Source records:
○ ○ ○ ○

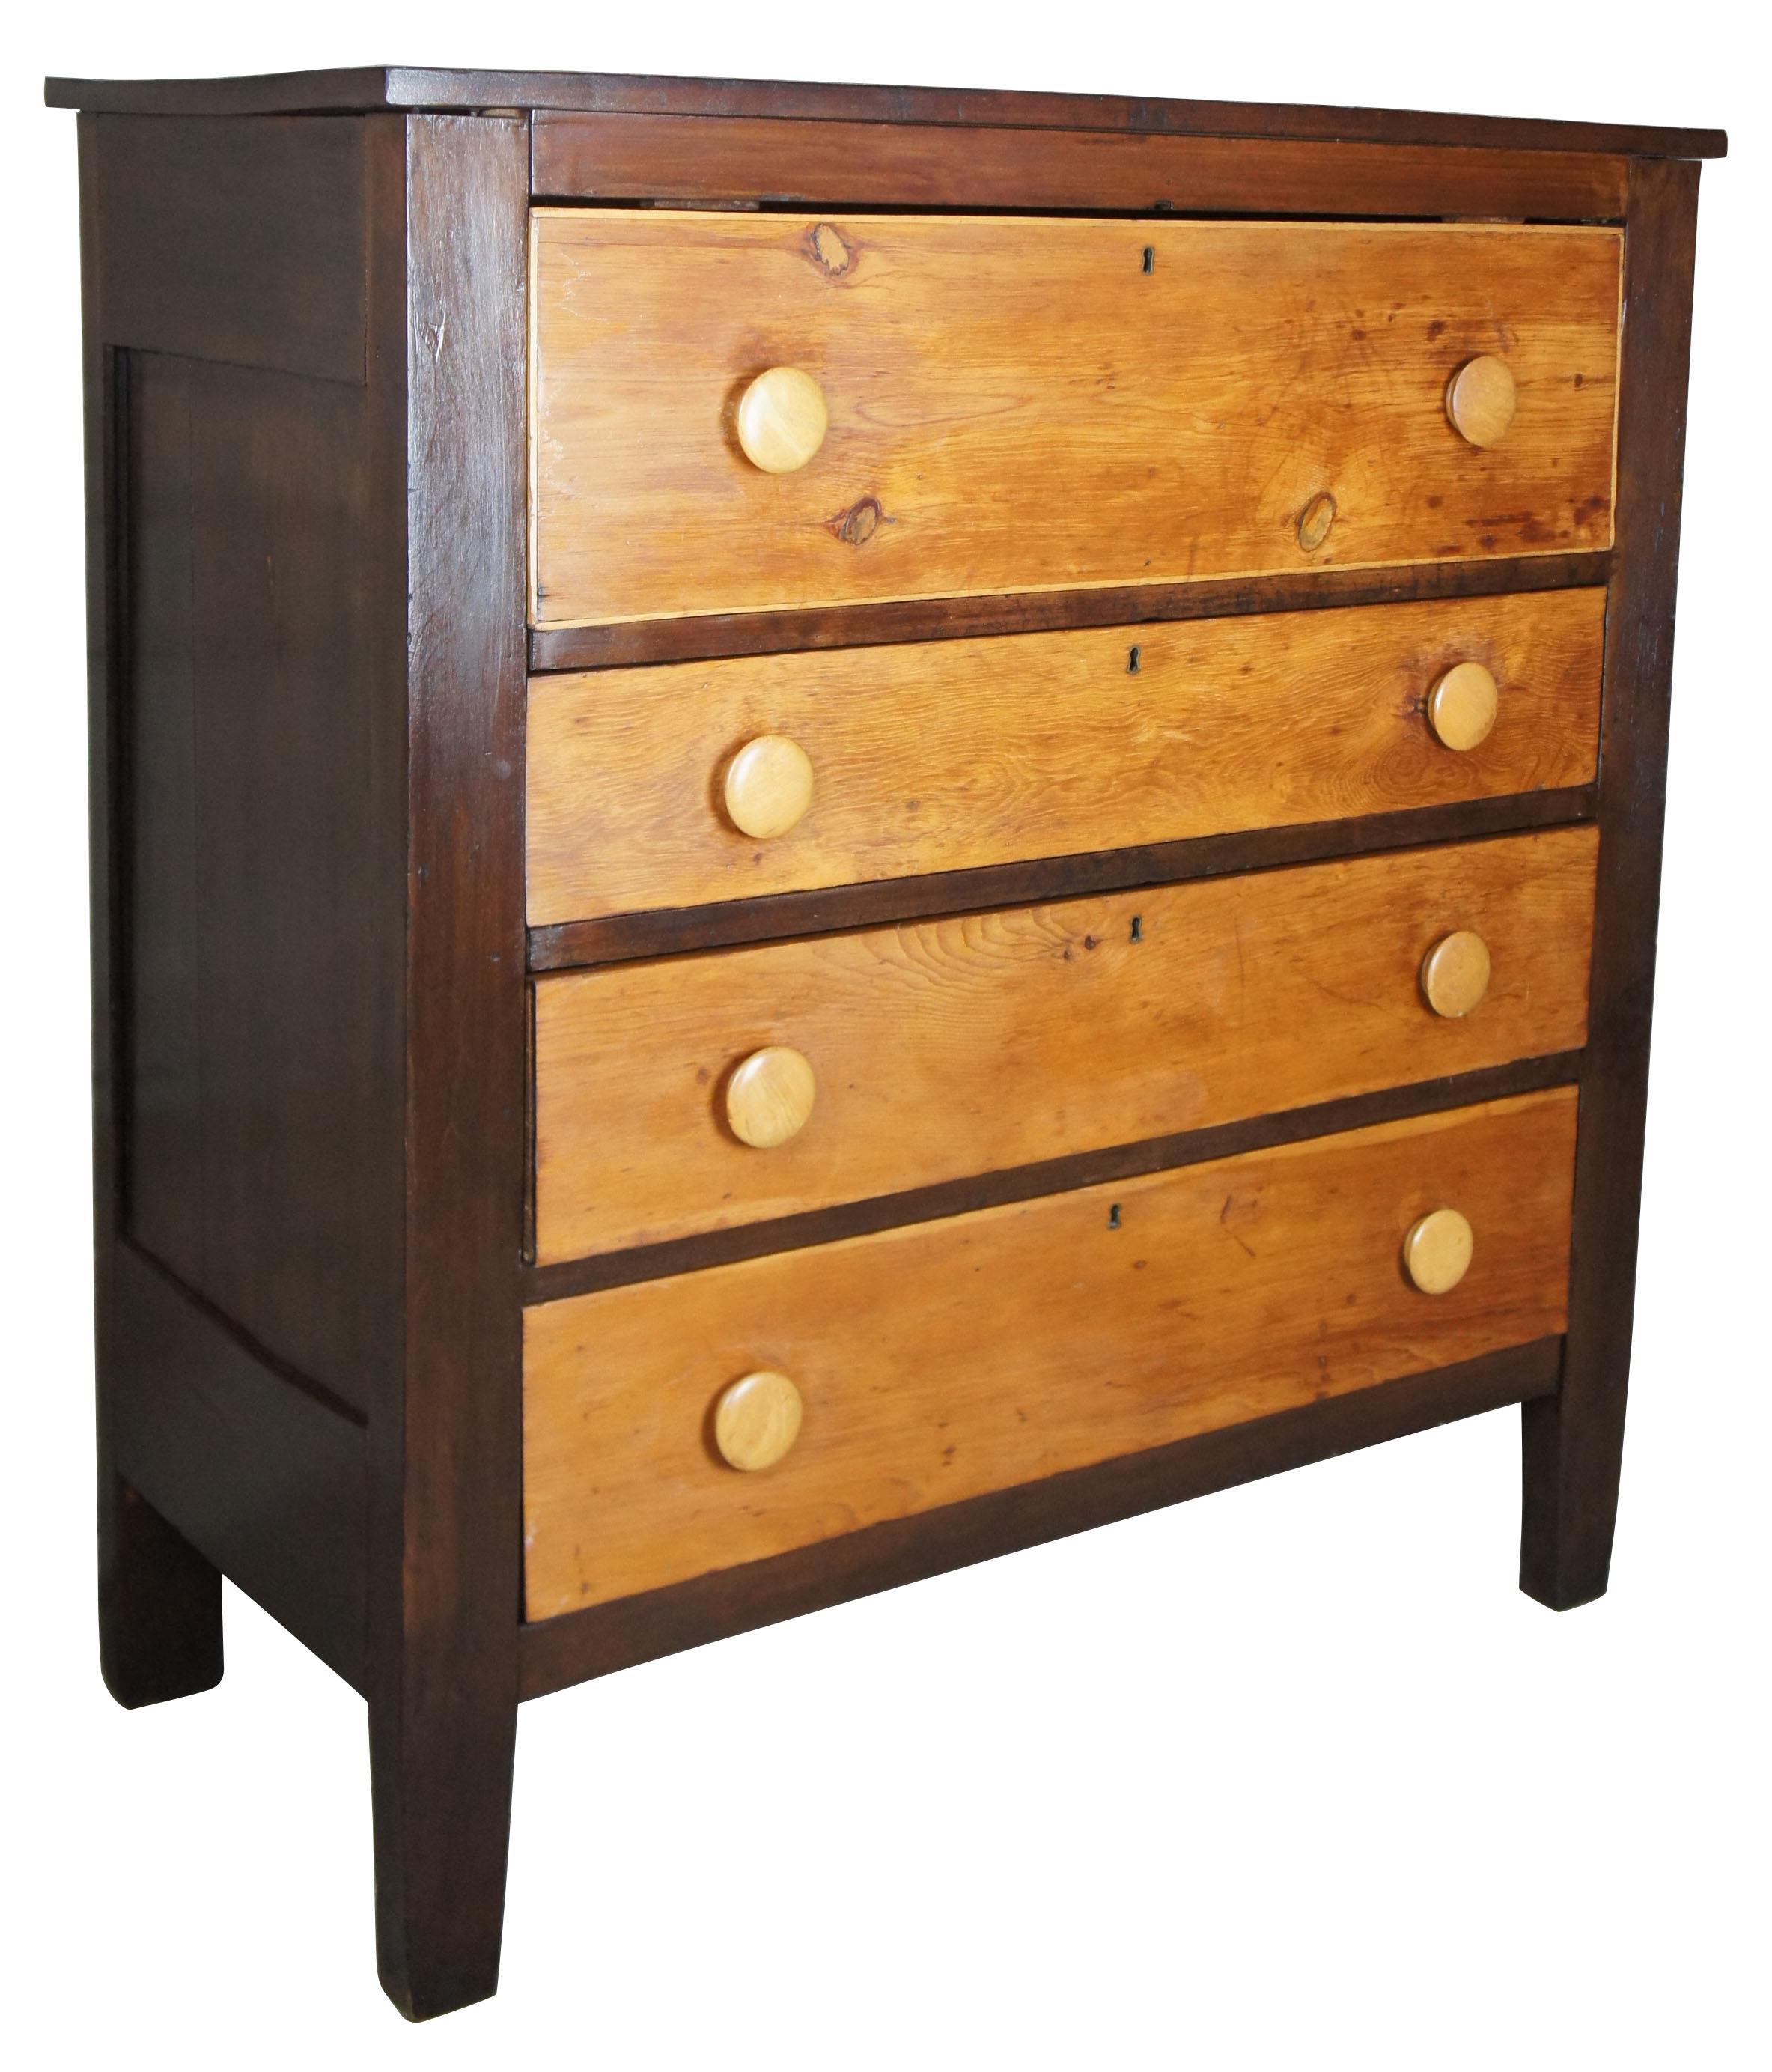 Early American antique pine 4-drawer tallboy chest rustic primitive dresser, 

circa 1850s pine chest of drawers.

○ ○ ○ ○

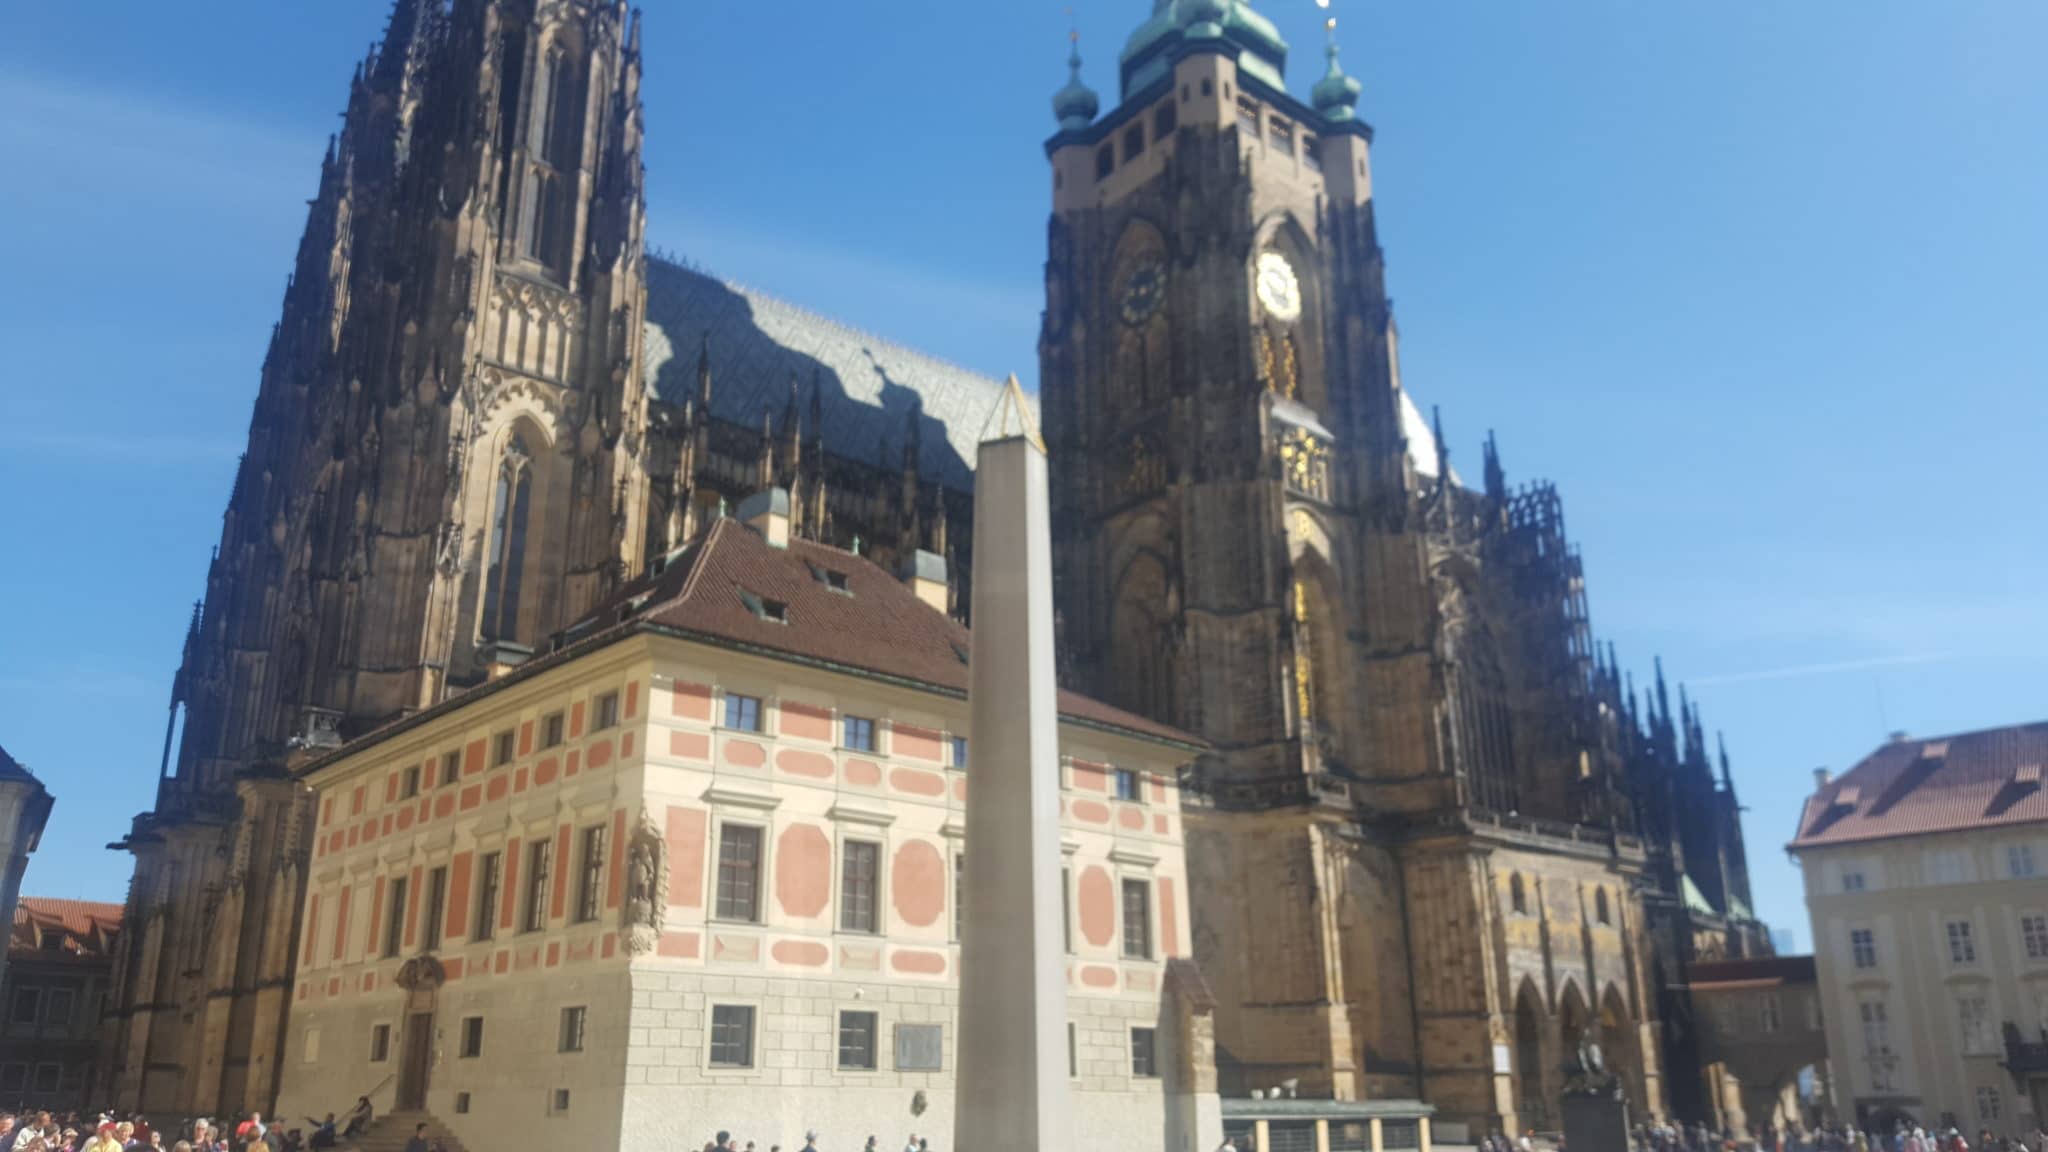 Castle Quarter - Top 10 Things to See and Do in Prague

○ ○ ○ ○

Work to be completed: Using the data above, output the line that has "Early American antique", the line that has "circa 1850s pine chest of drawers.", and whatever lines fall between, each exactly as it stands and without pictures.

Result:
 Early American antique pine 4-drawer tallboy chest rustic primitive dresser, 

circa 1850s pine chest of drawers.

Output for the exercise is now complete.